This workshop walks through a sample Apache Beam pipeline that can be deployed to Amazon Kinesis Data Analytics. It reads New York City taxi events from a Kinesis data stream, processes and aggregates them, and ingests the result to Amazon CloudWatch for visualization. The workshop is structured in the following way.

  1. To begin the workshop, you connect to a AWS Cloud9 development environment. You will prepare the development environment using a simple script.
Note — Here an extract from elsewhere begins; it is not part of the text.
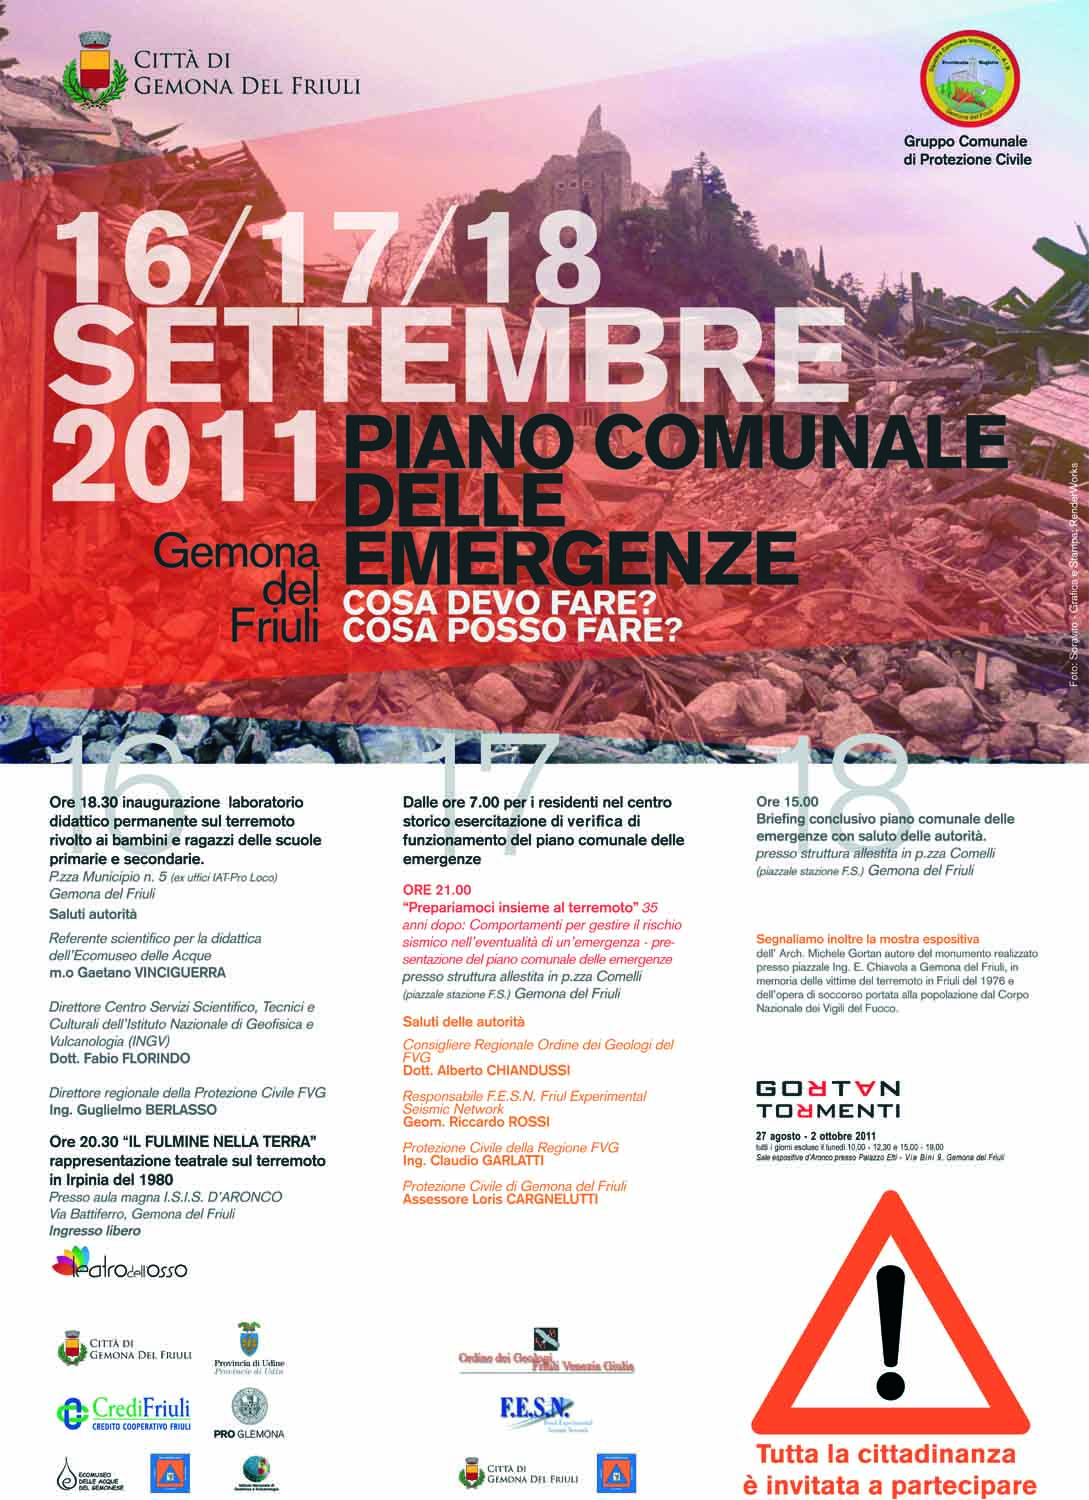 Le iniziative in Friuli per ricordare il terremoto

  2. You then start creating the infrastructure that is ingesting the event and persisting the raw data to Amazon S3. To this end, you create a Kinesis data stream to ingest the events and a Firehose delivery stream, that consumes the event from the data stream and persists them to Amazon S3. Once the infrastructure is ready, you use a Java application to replay a public data set of historic taxi trips made in New York City into the data stream.

  3. You then compile a Beam pipeline and deploy it to Amazon Kinesis Data Analytics, which provides a managed Apache Flink environment. The Beam pipeline is aggregating the number of trips and persists the result into Amazon CloudWatch where it can be visualized through a real-time dashboard.

  4. Once the application is running, you will take a closer look at the source code and learn how to best integrate a Beam pipeline with Amazon Kinesis Data Analytics.

  5. Once the Beam pipeline is operating properly, you adapt the pipeline to generate a more fine grained visualisation per borough instead of the entire city. You implement the change by adapting the parameters of the Beam pipeline. However, this only produces the additional metrics for new events. To derive this information for past events, you need to backfill the additional metrics using the raw data that has been persisted to Amazon S3.

  6. You will configure the same Apache Beam pipeline to process data stored in Amazon S3 in a batch fashion. You will experience the power of Apache Beam application to unify stream and batch processing using Amazon Kinesis Data Analytics.

  7. You can then optionally add profiling(Amazon CodeGuru), monitoring and logging capabilities to the Beam application to monitor the health of the streaming application.

The code for this workshop is located at https://github.com/aws-samples/amazon-kinesis-analytics-beam-taxi-consumer github repository.